There was but one safe and familiar trail to the Mohawk, and
on that, at the proper hour, he doubted not that they should meet
in amity, if not in renewed intercourse. When all were on board,
the sweeps were manned, and the Ark moved in its sluggish manner
towards the distant point. Deerslayer and Chingachgook now lifted
two of the canoes from the water, and placed them in the castle.
The windows and door were then barred, and the house was left by
means of the trap, in the manner already described. On quitting
the palisades, Hist was seen in the remaining canoe, where the
Delaware immediately joined her, and paddled away, leaving Judith
standing alone on the platform. Owing to this prompt proceeding,
Deerslayer found himself alone with the beautiful and still weeping
mourner. Too simple to suspect anything, the young man swept the
light boat round, and received its mistress in it, when he followed
the course already taken by his friend. The direction to the point
led diagonally past, and at no great distance from, the graves of
the dead. As the canoe glided by, Judith for the first time that
morning spoke to her companion. She said but little; merely uttering
a simple request to stop, for a minute or two, ere she left the
place.

"I may never see this spot again, Deerslayer," she said, "and it
contains the bodies of my mother and sister! Is it not possible,
think you, that the innocence of one of these beings may answer in
the eyes of God for the salvation of both?"

"I don't understand it so, Judith, though I'm no missionary, and am
but poorly taught. Each spirit answers for its own backslidings,
though a hearty repentance will satisfy God's laws."

"Then must my poor poor mother be in heaven! Bitterly, bitterly
has she repented of her sins, and surely her sufferings in this life
ought to count as something against her sufferings in the next!"

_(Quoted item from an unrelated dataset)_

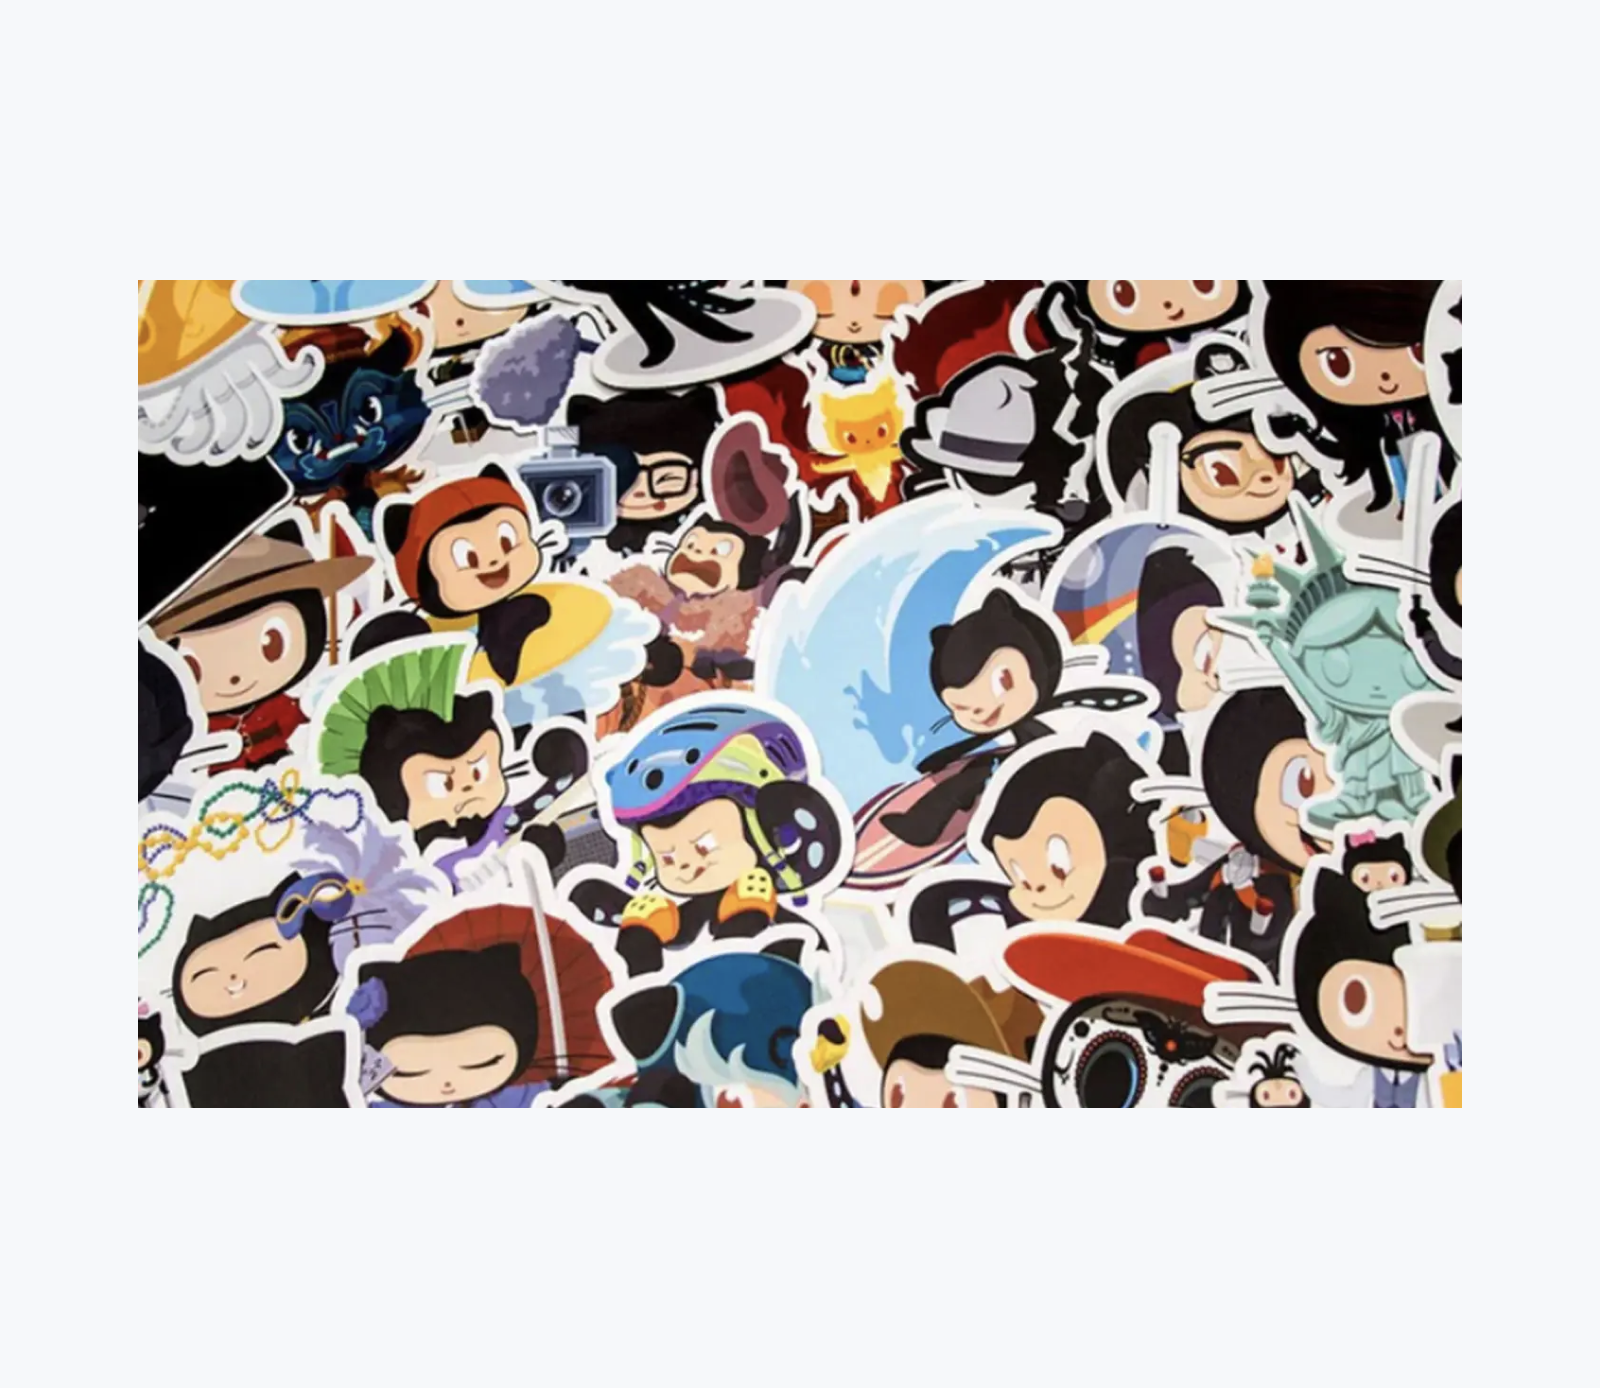 A chaotic pile of GitHub stickers

"All this goes beyond me, Judith. I strive to do right, here,
as the surest means of keeping all right, hereafter. Hetty was
oncommon, as all that know'd her must allow, and her soul was as
fit to consart with angels the hour it left its body, as that of
any saint in the Bible!"

"I do believe you only do her justice! Alas! Alas! that there
should be so great differences between those who were nursed at
the same breast, slept in the same bed, and dwelt under the same
roof! But, no matter - move the canoe, a little farther east,
Deerslayer - the sun so dazzles my eyes that I cannot see the
graves. This is Hetty's, on the right of mother's?"

"Sartain - you ask'd that of us, and all are glad to do as you
wish, Judith, when you do that which is right."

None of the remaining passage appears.